The 2014 AHA/American College of Cardiology (ACC) guidelines now classify primary MR into four grades: grade A, at risk of MR; grade B, progressive MR; grade C, asymptomatic severe MR; and grade D, symptomatic severe MR (Table 8.2). Patients at risk of MR are identified on echocardiography with mild valvular prolapse but normal coaptation, or mild valvular thickening and leaflet restriction. They have either no MR jet or a jet area <20% of the LA, with a vena contracta <0.3 cm. Mitral valve surgery is not indicated for patients at risk of MR [26].

Table 8.2 Stages of primary MR

Progressive, or grade B, MR is characterized by severe mitral prolapse with normal coaptation, rheumatic changes with leaflet restriction, and loss of coaptation, or by prior infective endocarditis. The central jet measures 20–40% of the LA or may be a late systolic eccentric jet. The vena contracta measures <0.7 cm and has a regurgitant volume of <60 mL, an RF <50%, and an EROA <0.4 cm2. Concomitant MV repair is now a class IIa recommendation for patients with grade B MR undergoing cardiac surgery for other indications [26].

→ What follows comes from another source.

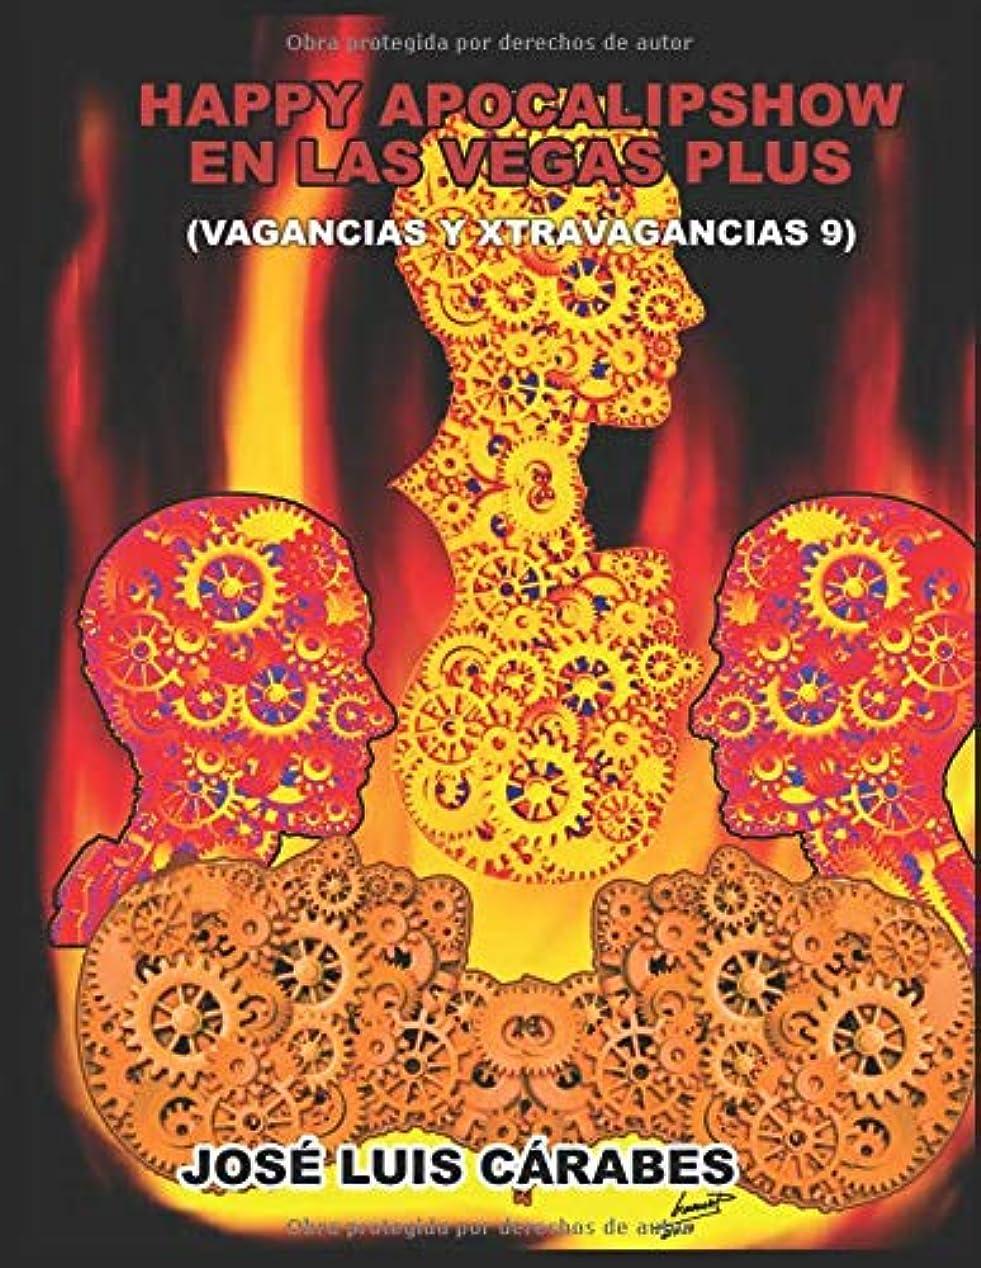 企業ヒット練るHAPPY APOCALIPSHOW EN LAS VEGAS PLUS: (VAGANCIAS Y XTRAVAGANCIAS 9)

Asymptomatic severe MR, or grade C, can be characterized similarly to grade B, in that echocardiographic findings are consistent with rheumatic changes or prior infective endocarditis. Grade C severity is often distinguished from Grade B by prolapse with the loss of leaflet coaptation or a flail leaflet, or by thickening of the leaflets associated with radiation heart disease. Defining echocardiographic measurements are a central jet >40% of the LA, a holosystolic eccentric jet, vena contracta >0.7 cm, regurgitant volume >60 mL, RF >50%, and an EROA >0.4 cm2. Class Ia indications for surgery for asymptomatic severe MR include LV dysfunction (defined by an LVEF of 30–60% or a LV end-systolic diameter >40 mm) and cardiac surgery for other indications, during which the MV can be repaired concomitantly. Current guidelines make a class IIa recommendation for repair for asymptomatic severe MR in patients with preserved LV function, for whom the likelihood of a successful and durable repair is >95%, with an expected mortality <1% when performed at a Heart Valve Center of Excellence [26].

Symptomatic severe MR , or grade D, is identified by the same anatomic findings and echocardiographic measurements used to identify asymptomatic MR. Symptoms of severe MR include decreased exercise tolerance and exertional dyspnea. Mitral valve surgery is a class I recommendation for patients with an LVEF >30% and symptomatic severe MR. In addition, considering MV surgery in patients with an LVEF <30% now carries a class IIb recommendation [26].

In secondary MR, the thresholds of 0.4 cm2 or 60 mL/beat may still be considered severe on the basis of several arguments. A lower RVol might still represent significant overload for a compromised LV. Because the total cardiac output of the ventricle is generally lower than in primary MR with preserved LV function, the 60-mL threshold may not be reached despite a >50% RF. In addition, with secondary MR, the orifice is usually crescentic along the commissural line and may underestimate the orifice area when one uses the 2D PISA method (in contrast to 3D), which inherently assumes a hemispheric flow convergence [59].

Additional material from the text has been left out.